§ What needs to be done
Your task is to repeat all of the data exactly while excluding the pictures.

§ Source data
====

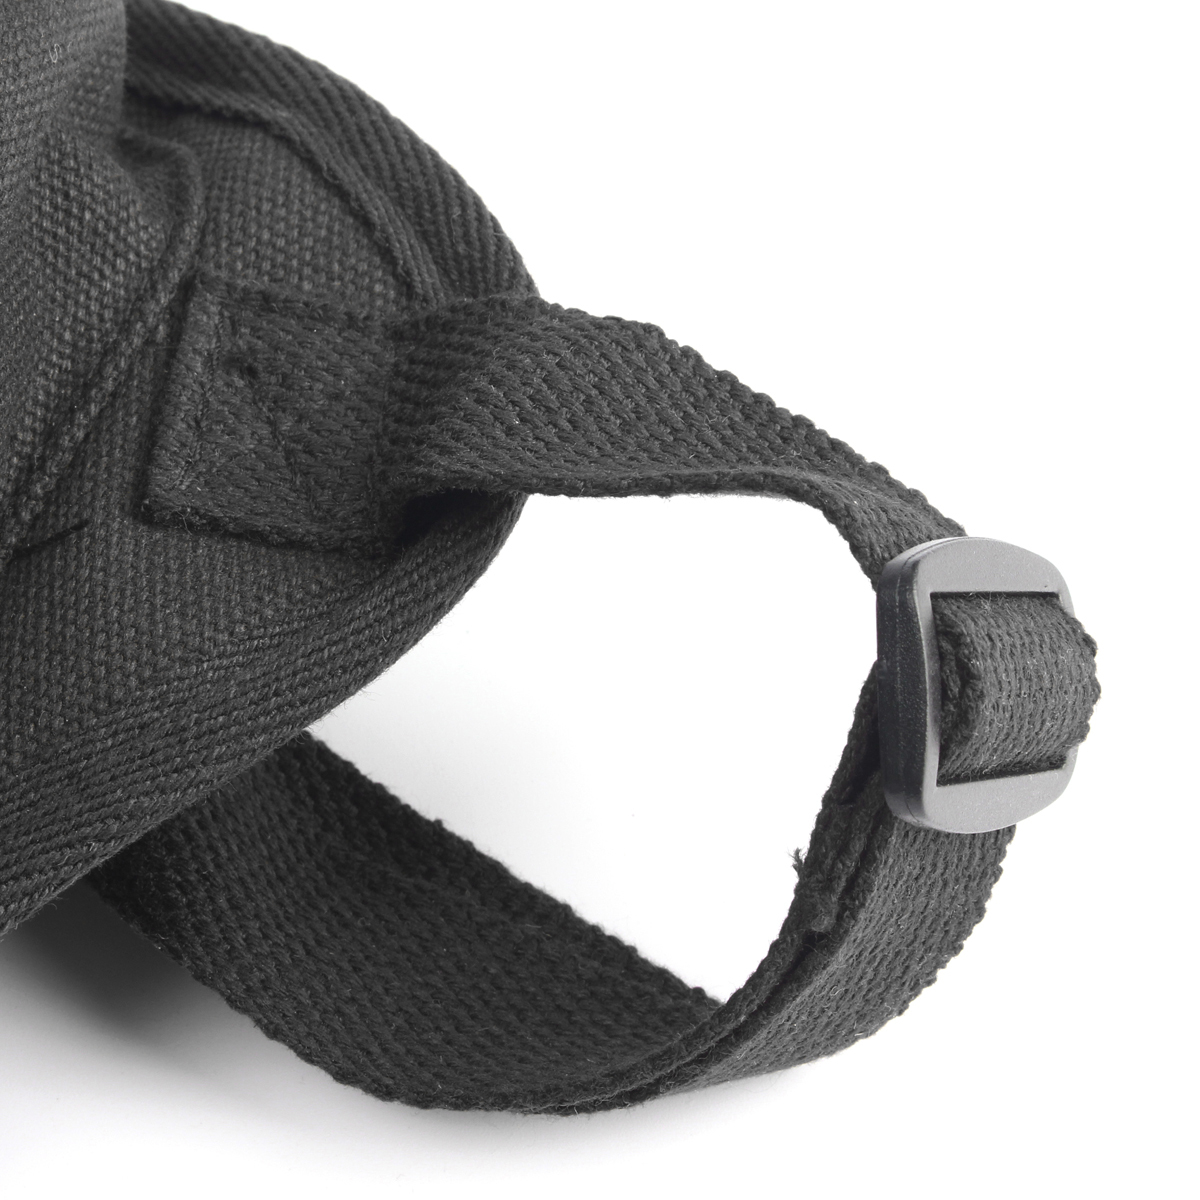 Kolam kanvas militer taktis paha kaki Drop tas kantong ikat pinggang hitam International .
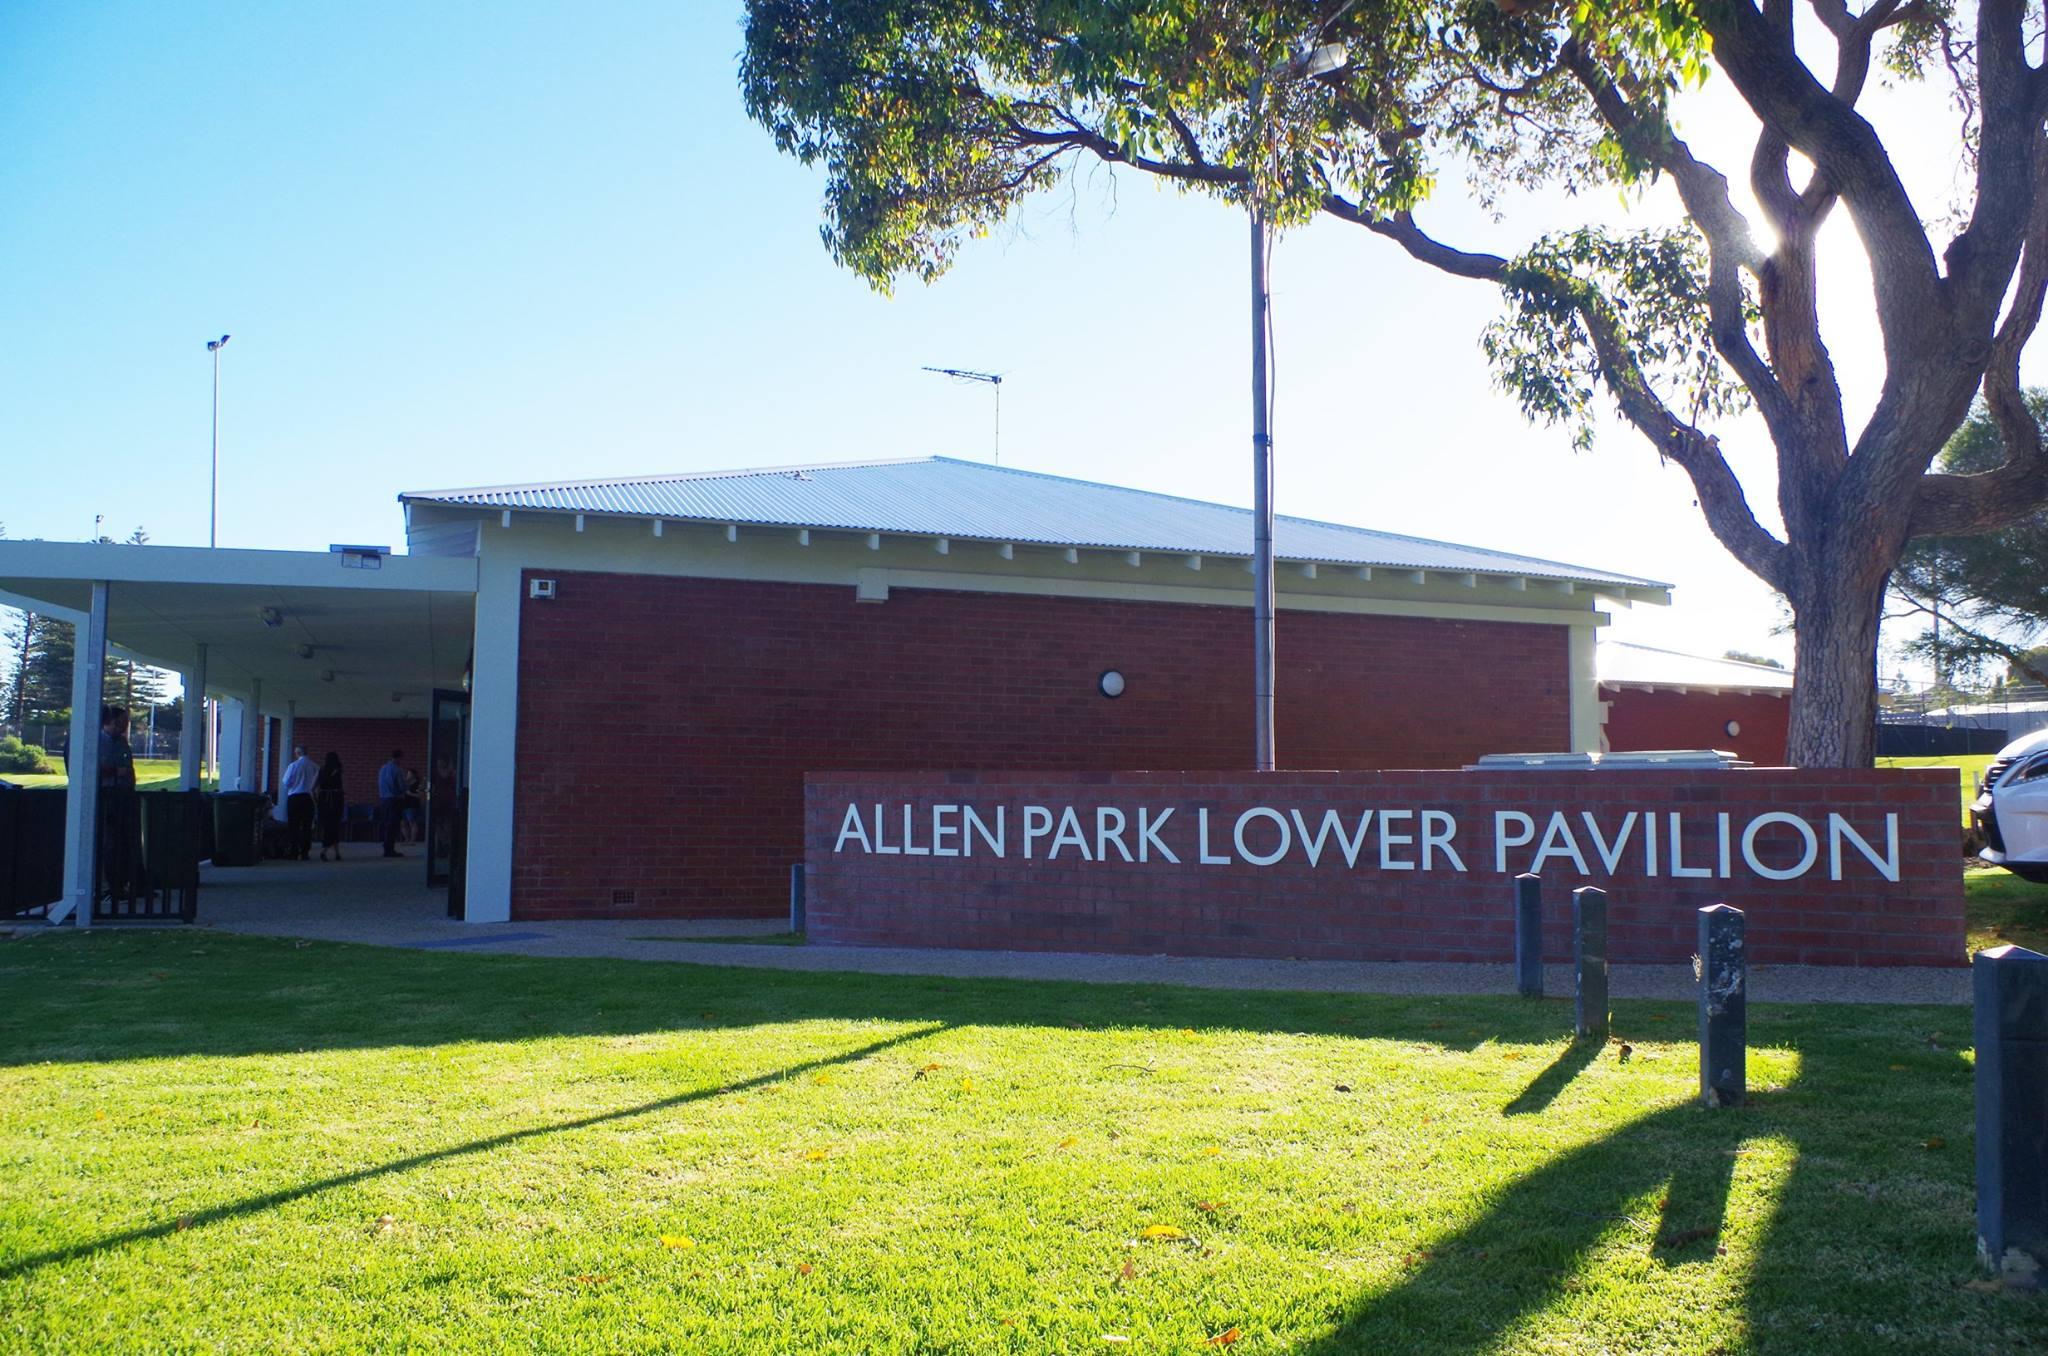 City of Nedlands celebrates opening of Allen Park Lower Pavilion in Swanbourne
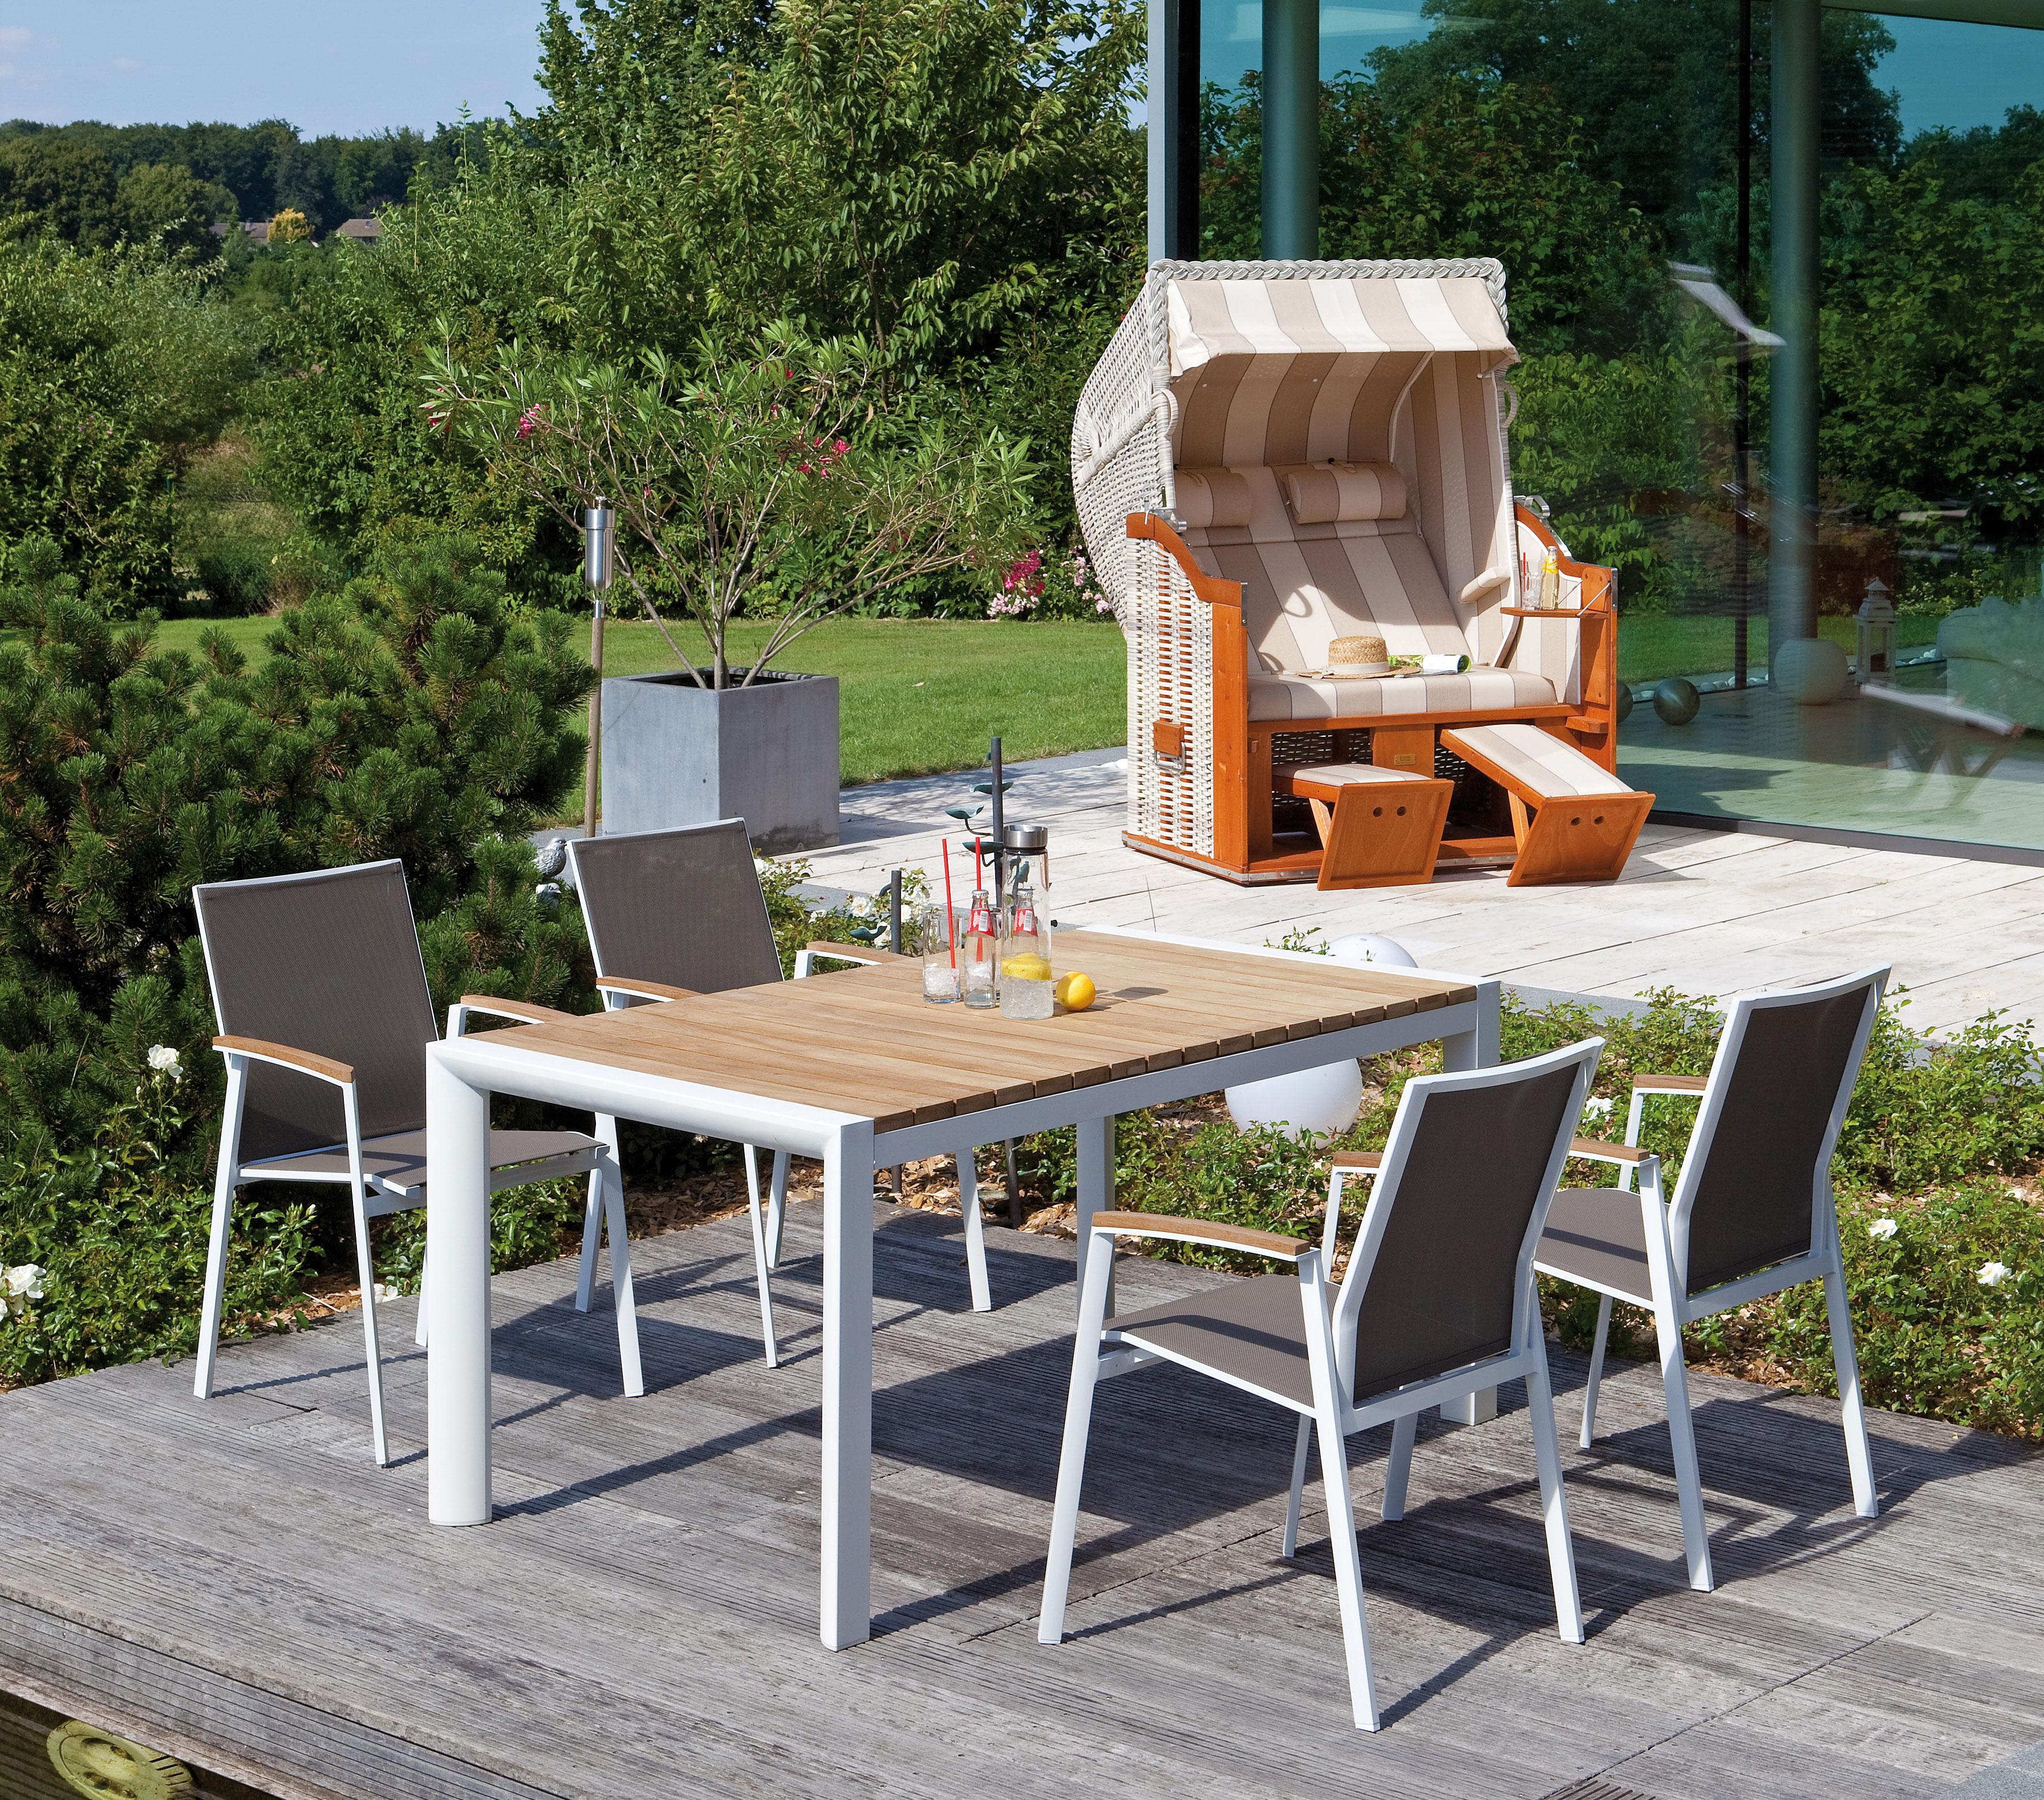 Sonnenpartner Gartenstuhl stapelbar Fresno Alu weißtaupe  bei

====

§ Answer to this exercise
 Kolam kanvas militer taktis paha kaki Drop tas kantong ikat pinggang hitam International .
 City of Nedlands celebrates opening of Allen Park Lower Pavilion in Swanbourne
 Sonnenpartner Gartenstuhl stapelbar Fresno Alu weißtaupe  bei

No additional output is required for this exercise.